▸ **GIVEN DATA**:
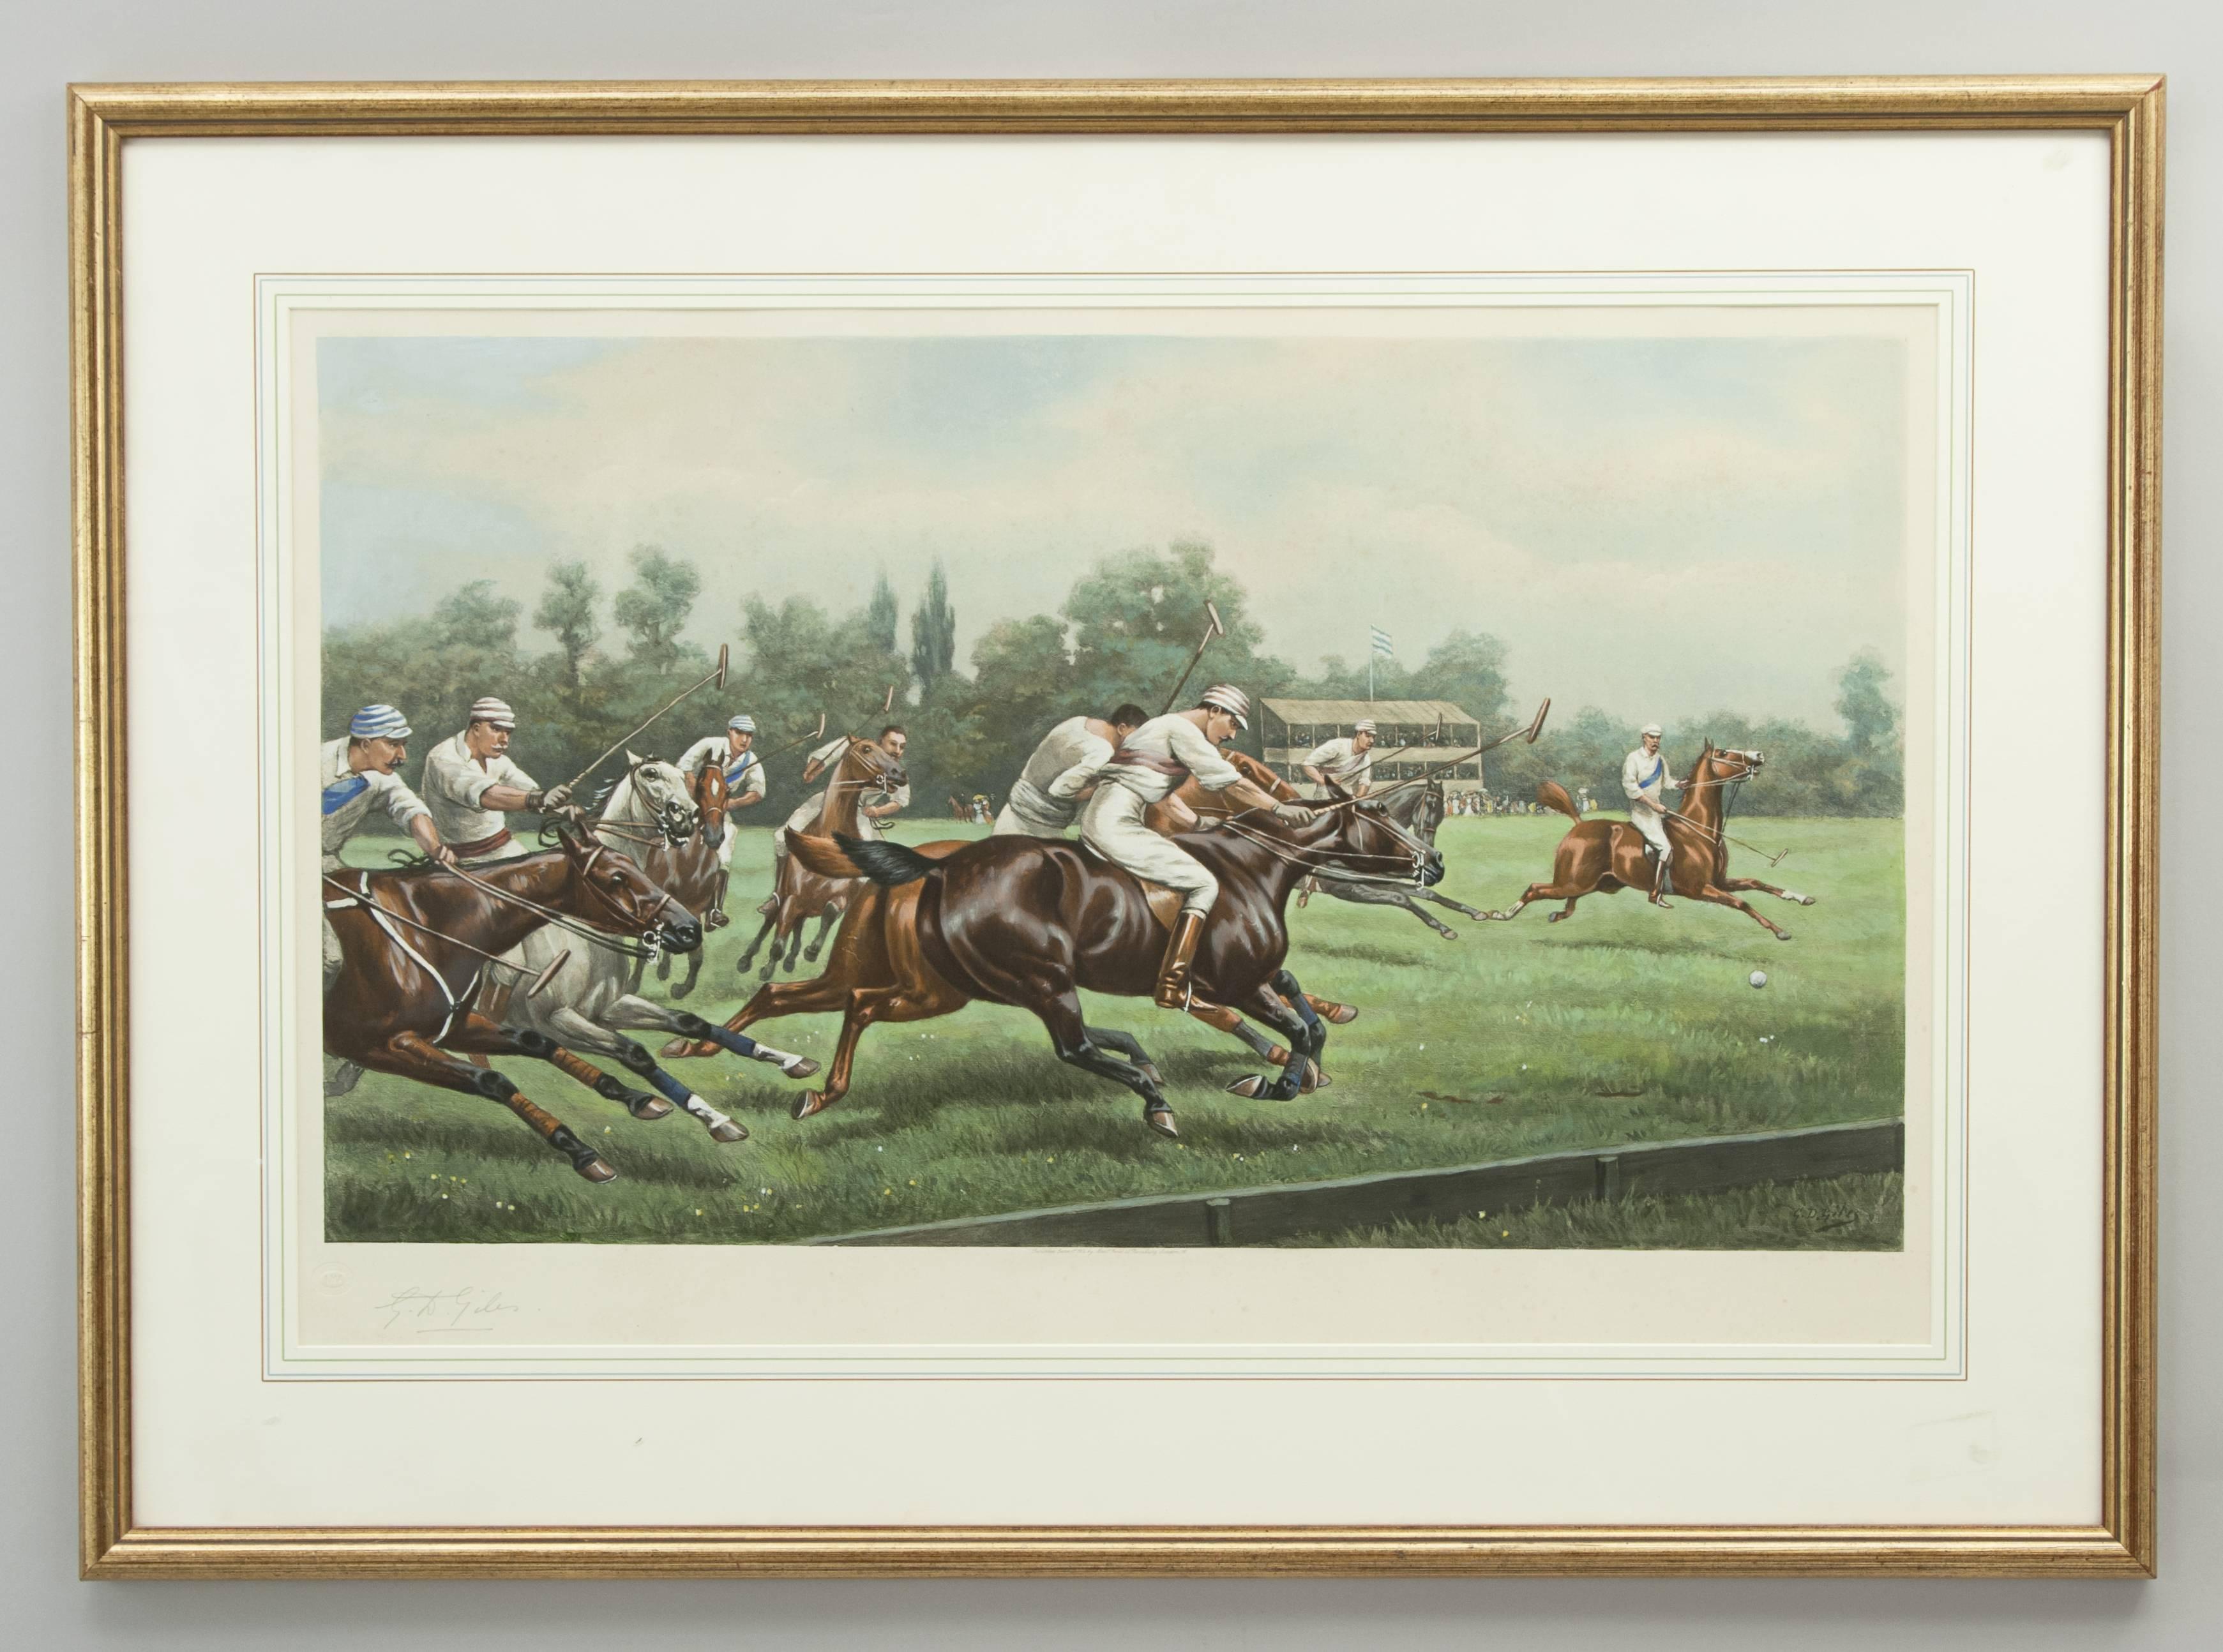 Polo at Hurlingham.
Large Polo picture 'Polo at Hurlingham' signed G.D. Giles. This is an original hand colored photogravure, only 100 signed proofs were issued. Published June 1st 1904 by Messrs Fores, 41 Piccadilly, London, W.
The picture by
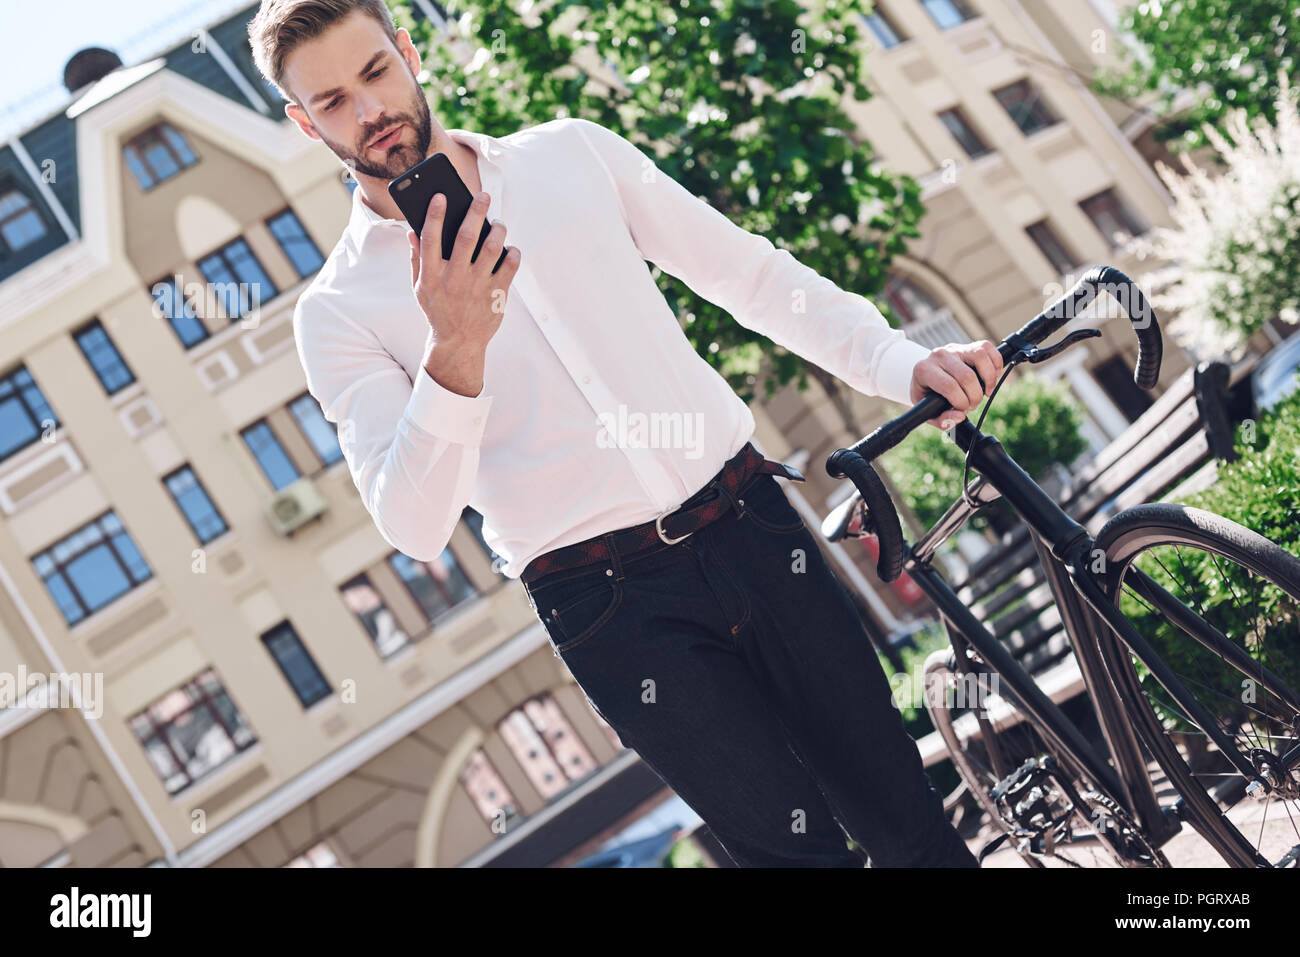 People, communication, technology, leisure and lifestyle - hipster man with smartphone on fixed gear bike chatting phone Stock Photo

▸ **EXERCISE REQUIREMENTS**: Restate the data word for word from its first line through the line with "The picture by", leaving out any picture along the way.

▸ **RESPONSE TO THIS EXERCISE**:
 Polo at Hurlingham.
Large Polo picture 'Polo at Hurlingham' signed G.D. Giles. This is an original hand colored photogravure, only 100 signed proofs were issued. Published June 1st 1904 by Messrs Fores, 41 Piccadilly, London, W.
The picture by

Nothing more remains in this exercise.